General Design Criterion (GDC) 2, "Design bases for protection against natural phenomena," of Appendix A, "General Design Criteria for Nuclear Power Plants," of 10 CFR Part 50 requires, in part, that structures, systems, and components (SSCs) important to safety be designed to withstand the effects of natural phenomena, such as earthquakes, without loss of capability to perform their safety functions. Such SSCs must also be designed to accommodate the effects of and be compatible with the environmental conditions associated with normal operation and postulated accidents. Appendix S, "Earthquake Engineering Criteria for Nuclear Power Plants,"

of 10 CFR Part 50 specifies the requirements for the implementation of GDC 2 with respect to earthquakes.

The DE and DDE for DCPP, Units 1 and 2, correspond to the OBE and SSE, respectively, as described in Appendix A to 10 CFR 100, "Seismic and Geologic Siting Criteria for Nuclear Power Plants." The HE is also considered by the NRC to be the SSE for DCPP. These seismic events are discussed in FSARU, Section 3.7, and in Section 2.5.2 of NUREG-0675, "Safety Evaluation Report Related to the Operation of Diablo Canyon Nuclear Power Plant, Units 1 and 2," Supplement No.7, dated May 26, 1978.

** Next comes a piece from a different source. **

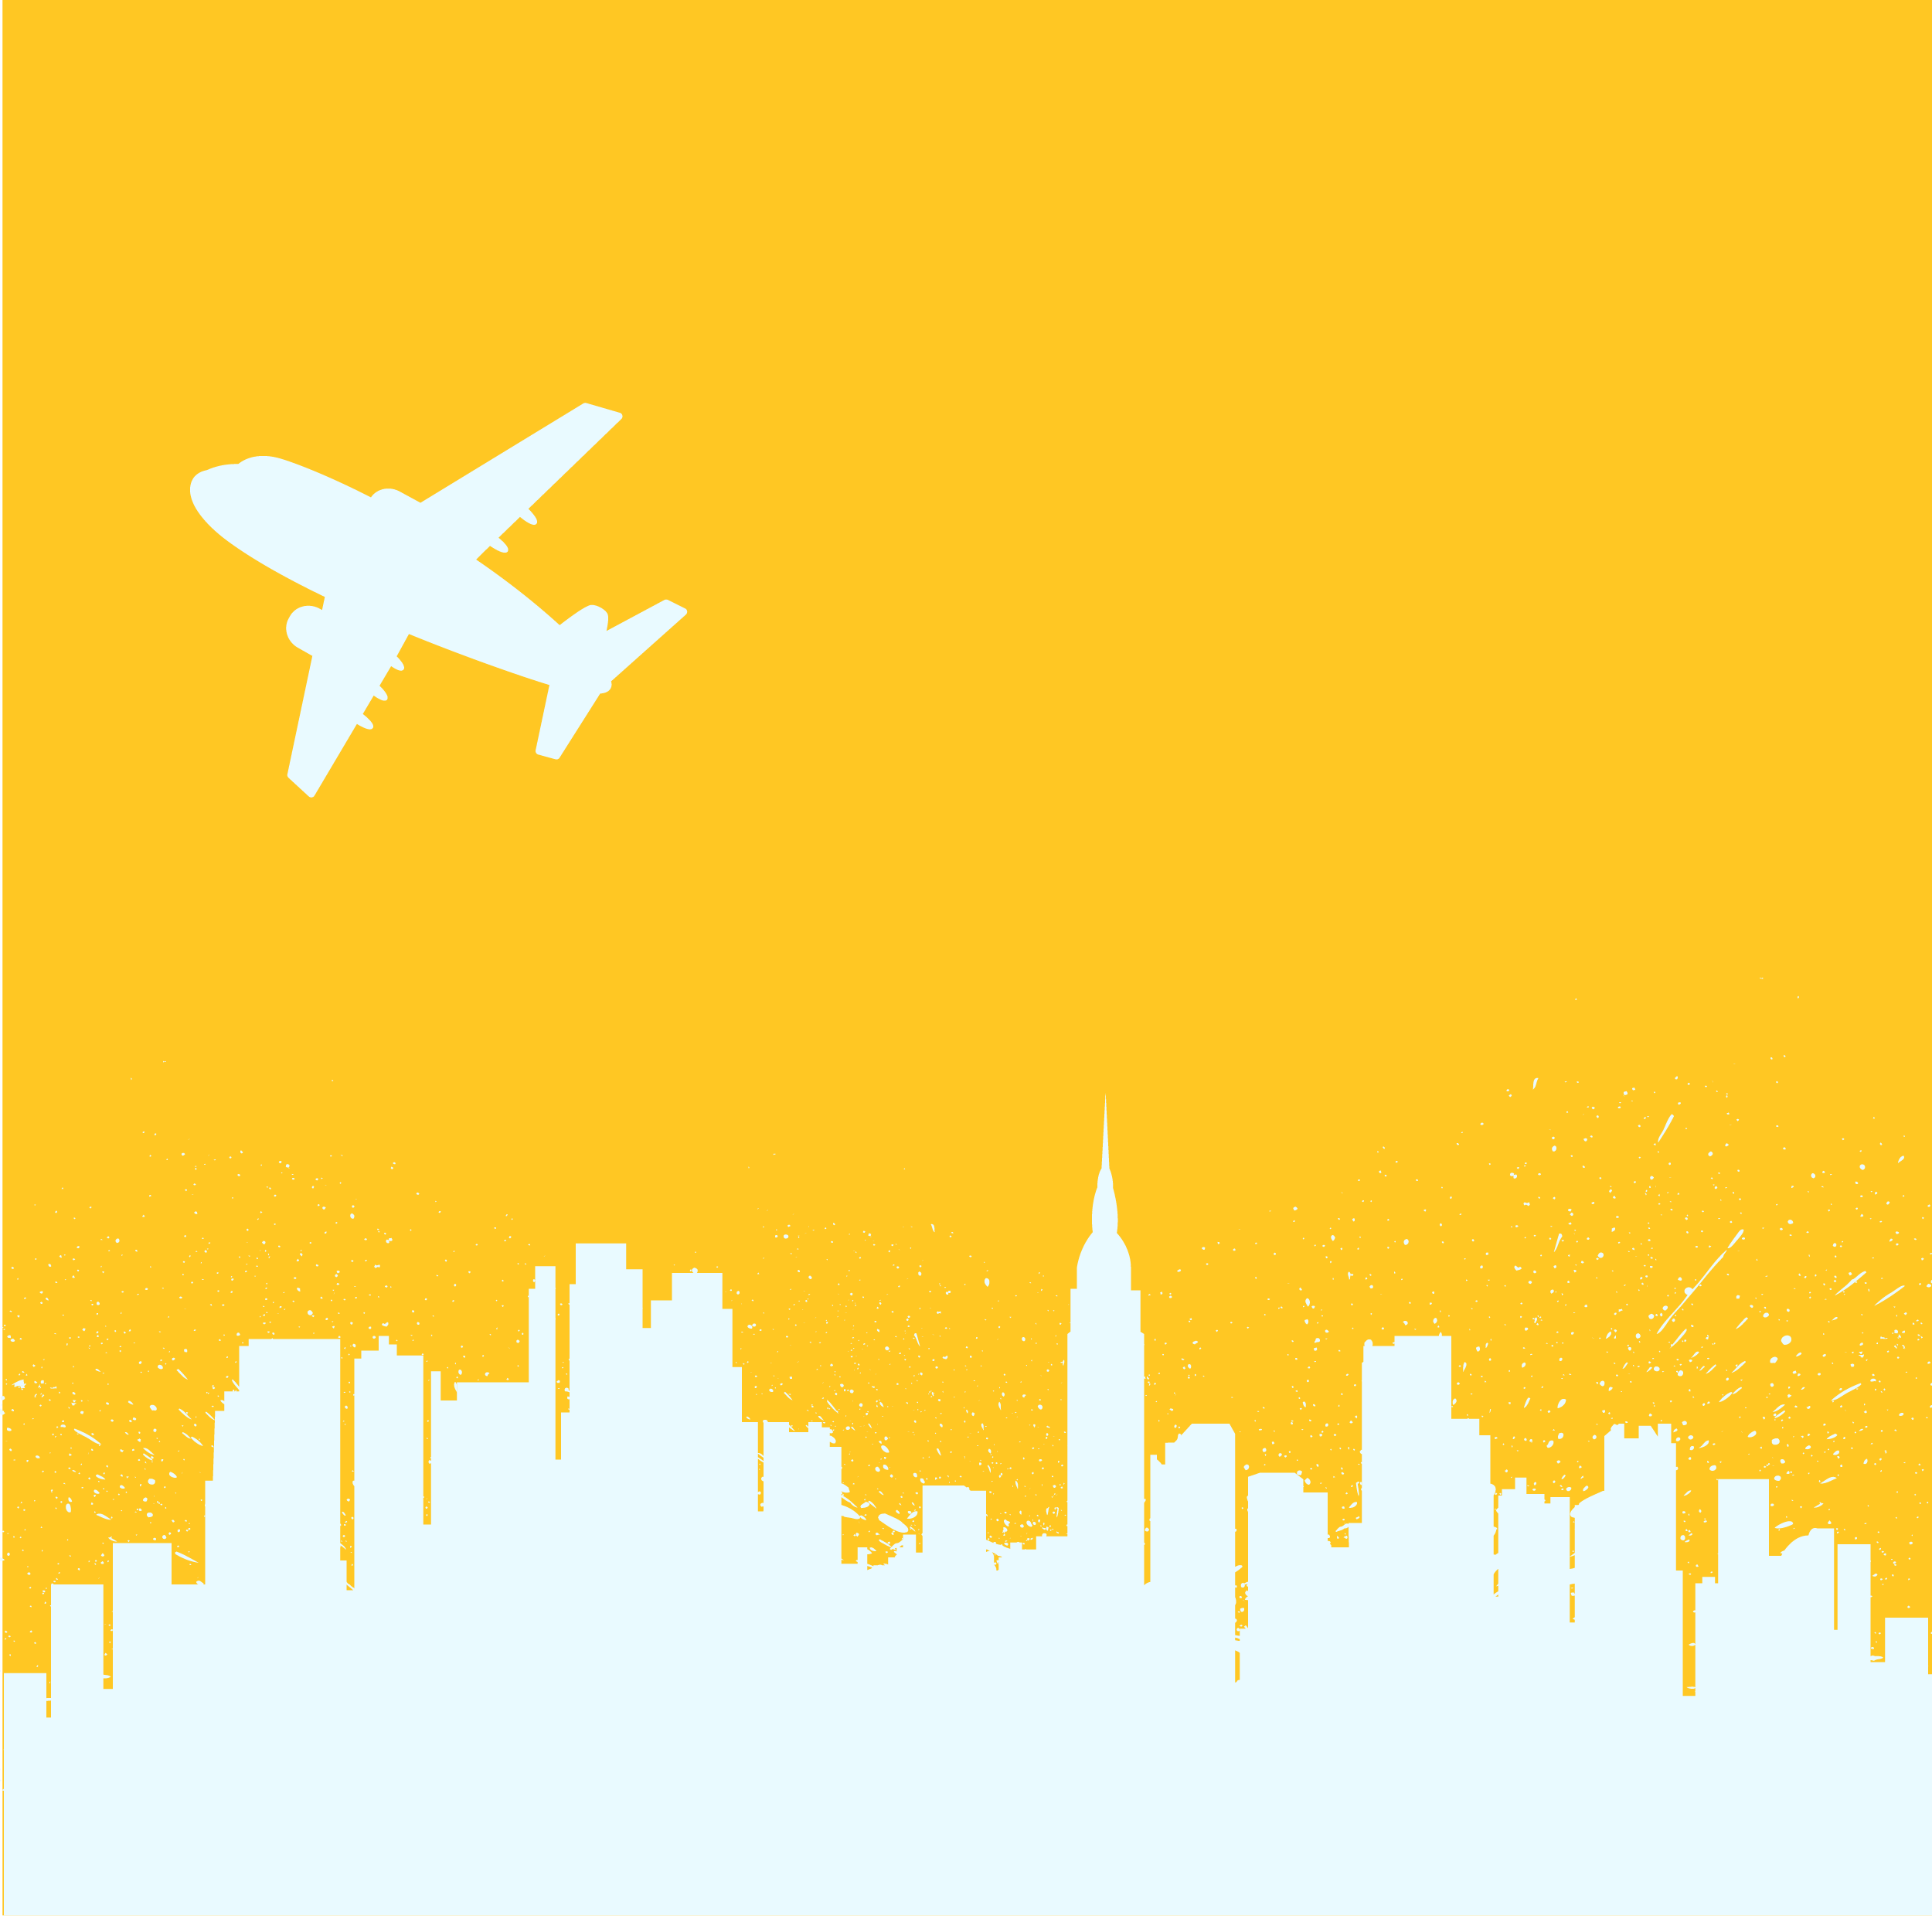 Plane Silhouette Skylines Silhouette Shapes on Yellow Background PNG Clipart

The IHA consists of design Class 1 and design Class 2 components. These components are evaluated using the acceptance criteria of the American Society of Mechanical Engineers (ASME) Boiler and Pressure Vessel (B&PV) Code,Section III, Division 1 - Subsection NF, "Component Supports," for Classes 1 and 2.

NRC RG 1.61, Revision 1, "Damping Values for Seismic Design of Nuclear Power Plants,"

dated March 2007 (ADAMS Accession No. ML070260029) provides damping values acceptable to the staff for the seismic design of nuclear power plants. However, it does not specifically address the damping values applicable to each and every type of component. The licensee requests approval for the use of the calculated weighted average damping values of 4.9 percent for DE and 6.85 percent for both DDE and HE for the IHA analysis. Section 3.7.1 of NUREG-0800, "Standard Review Plan (SRP) for the Review of Safety Analysis Reports for Nuclear Power Plants," states that damping values in accordance with those addressed in RG 1.61 are acceptable.

3.0 TECHNICAL EVALUATION

3.1 Items for Which Damping Values are Requested The licensee requests the use of damping values based on RG 1.61, Revision 1, for the structural dynamic qualification of the IHA for DE, DDE, and HE seismic events.

-3 3.2 Code Evaluation The components of the IHA consist of design Classes 1 and 2 components. The licensee evaluated these components using the acceptance criteria in Section III, Division 1 of the ASME B&PV Code, Subsection NF, "Component Supports," for Classes 1 and 2.

3.3 Proposed Damping Values The licensee requests approval for the use of the calculated weighted average damping values of 4.9 percent for DE, and 6.85 percent for both DDE and HE for the structural dynamic analysis of the IHA.

3.4 Basis for Damping Values The damping values for the seismic design and analysis of the IHA proposed by the licensee are consistent with the recommendations of RG 1.61, Revision 1.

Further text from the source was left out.